With this Hass.io implementation I was requiring the magic packet to be sent from a host (the Raspberry Pi where I keep Hass.io running) that is in a separate router vlan, from where the TV is (these are connected via Ethernet and WiFi respectively):



In order to target reliability I scrapped this approach altogether. As both my router and repeater are OpenWRT based, I started by installing the etherwake package onto the repeater, given that this is the closest note to the TV set:


Tested the tool manually and confirmed that it worked:


It was now a matter of scripting it, and for improved reliability, make sure that the script tests the connection after it tries to turn on the TV.

As a quick dirty approach and knowing that the OpenWRT repeater runs a web server, I went for writing a simple cgi-bin shell script that could be called from another host (making a very basic REST web service). This script would just have to send the WOL packet, and for a while check if the TV comes online.

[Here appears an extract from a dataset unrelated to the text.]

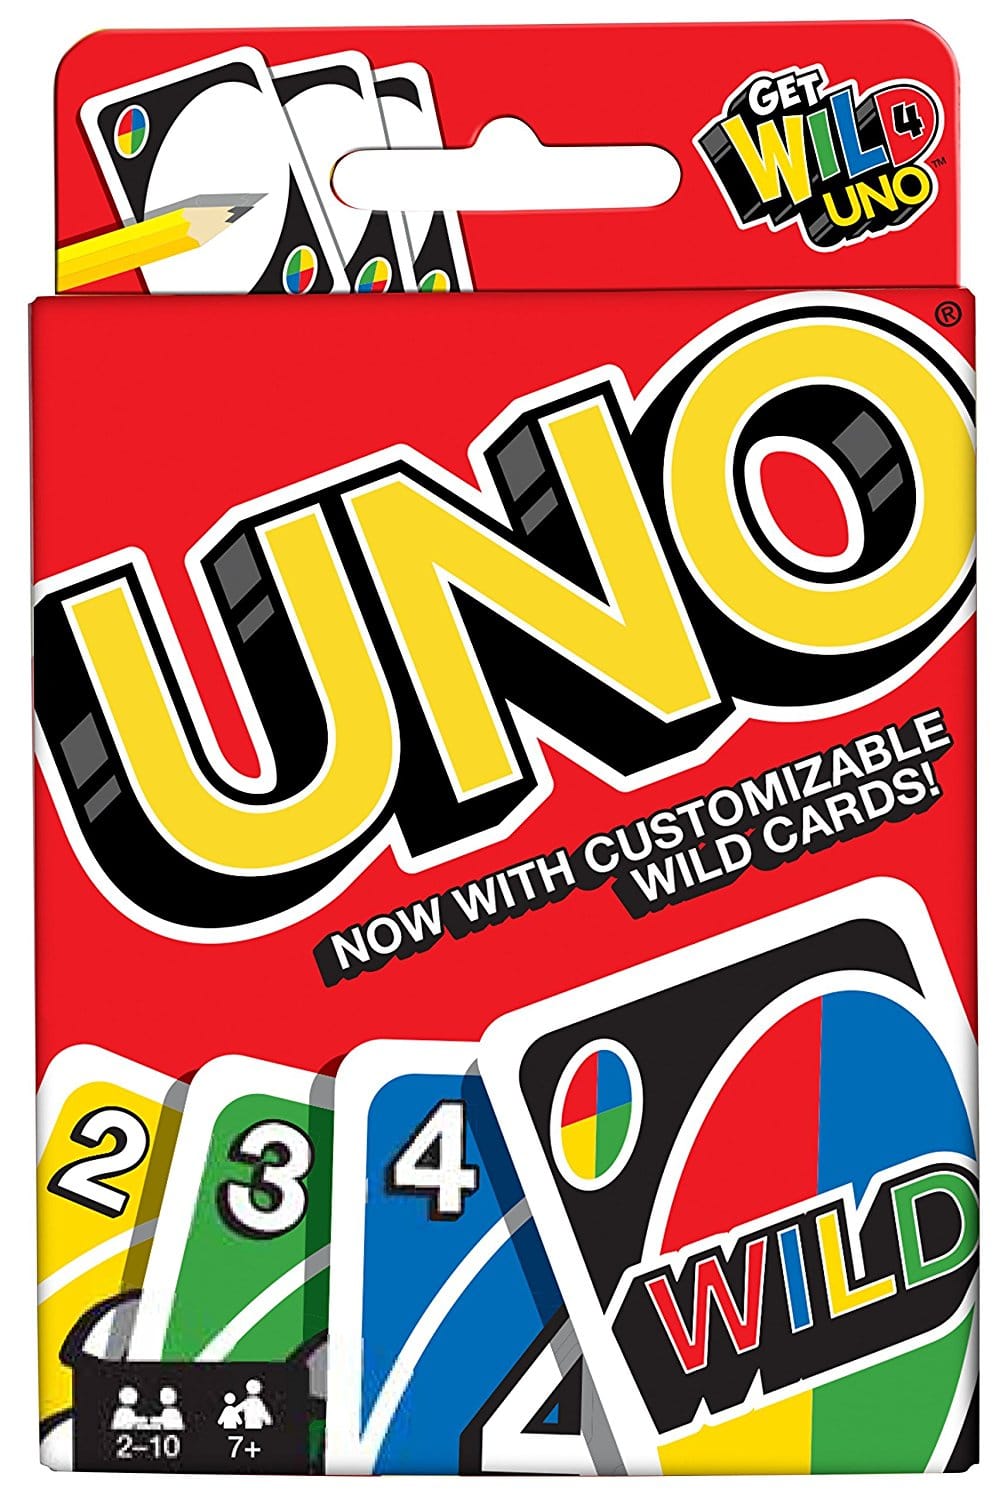 What to pack for monsoon travel - Uno cards

If it doesn't it sends the WOL packet a few more times, and tests the TV again:

root@griffinnet-zh-repeater:/www/cgi-bin# cat wol.sh
#!/bin/sh

MAX_RETRIES=10
NUM_PINGS=20

echo "Content-type: application/json"
echo ""

if [ -z "$QUERY_STRING" ]; then
    echo "{\"status\":\"error\"; \"message\":\"MAC and IP addresses not specified.\"}"
    exit 1
else
    MAC_ADDR=$(echo "$QUERY_STRING" | sed -n 's/^.*mac=\([^&]*\).*$/\1/p' | sed "s/%20/ /g")
    IP_ADDR=$(echo "$QUERY_STRING" | sed -n 's/^.*ip=\([^&]*\).*$/\1/p' | sed "s/%20/ /g")
fi

i=0

while [ $i -lt "$MAX_RETRIES" ]; do
    WOL_RESULT=$(etherwake -D -i br-lan $MAC_ADDR)

    if [ ! $? -eq 0 ]; then
        echo "{\"status\":\"error\"; \"message\":\"Wake-up On LAN command failed.\"}"
        exit 1
    fi

    ping -c $NUM_PINGS $IP_ADDR > /dev/null

    PING_RESULT=$?

    if [ $PING_RESULT -eq 0 ]; then
        echo "{ \"status\" : \"success\"; \"message\" : \"WOL: $WOL_RESULT; Ping Result: $PING_RESULT\" }"
        exit 0
    else
        i=$(($i+1))
    fi
done

echo "{\"status\":\"error\"; \"message\":\"Exhausted retries. Unable to wake up device.\"}"
exit 1

On the Hass.io side, it was a matter of registering for this REST endpoint, and use it as the service that turns on the TV, instead of the built-in Wake on LAN integration:

rest_command:
  wake_up_device:
    url: 'http://192.168.1.200/cgi-bin/wol.sh?mac={{tv_mac}}&ip={{tv_ip}}'
    method: GET
    headers:
      accept: 'application/json, text/html'
    content_type: 'application/json; charset=utf-8'
    timeout: 60

media_player:
  - platform: webostv
    host: 192.168.1.30
    name: TV Sala
    filename: webostv.conf
    timeout: 5
    turn_on_action:
      - service: rest_command.wake_up_device
        data:
          tv_mac: 'B4:E6:2A:??:??:??'
          tv_ip: '192.168.1.30'
    customize:
      sources:
        - livetv
        - youtube
        - netflix

Given that the this REST endpoint takes some time to respond (due to the number of pings it performs to test the connection to the TV), the response timeout was increased to 60 seconds.

This is all that it was needed, and so far the feature have been working flawlessly.

Monday, October 28, 2019

Building a kick-ass home automation by reflashing the Sonoff devices with Tasmota and getting it all working with hass.io

For some time I have been gradually bringing more devices to my house, which are either designed or having features allowing these to be integrated to a home automation system.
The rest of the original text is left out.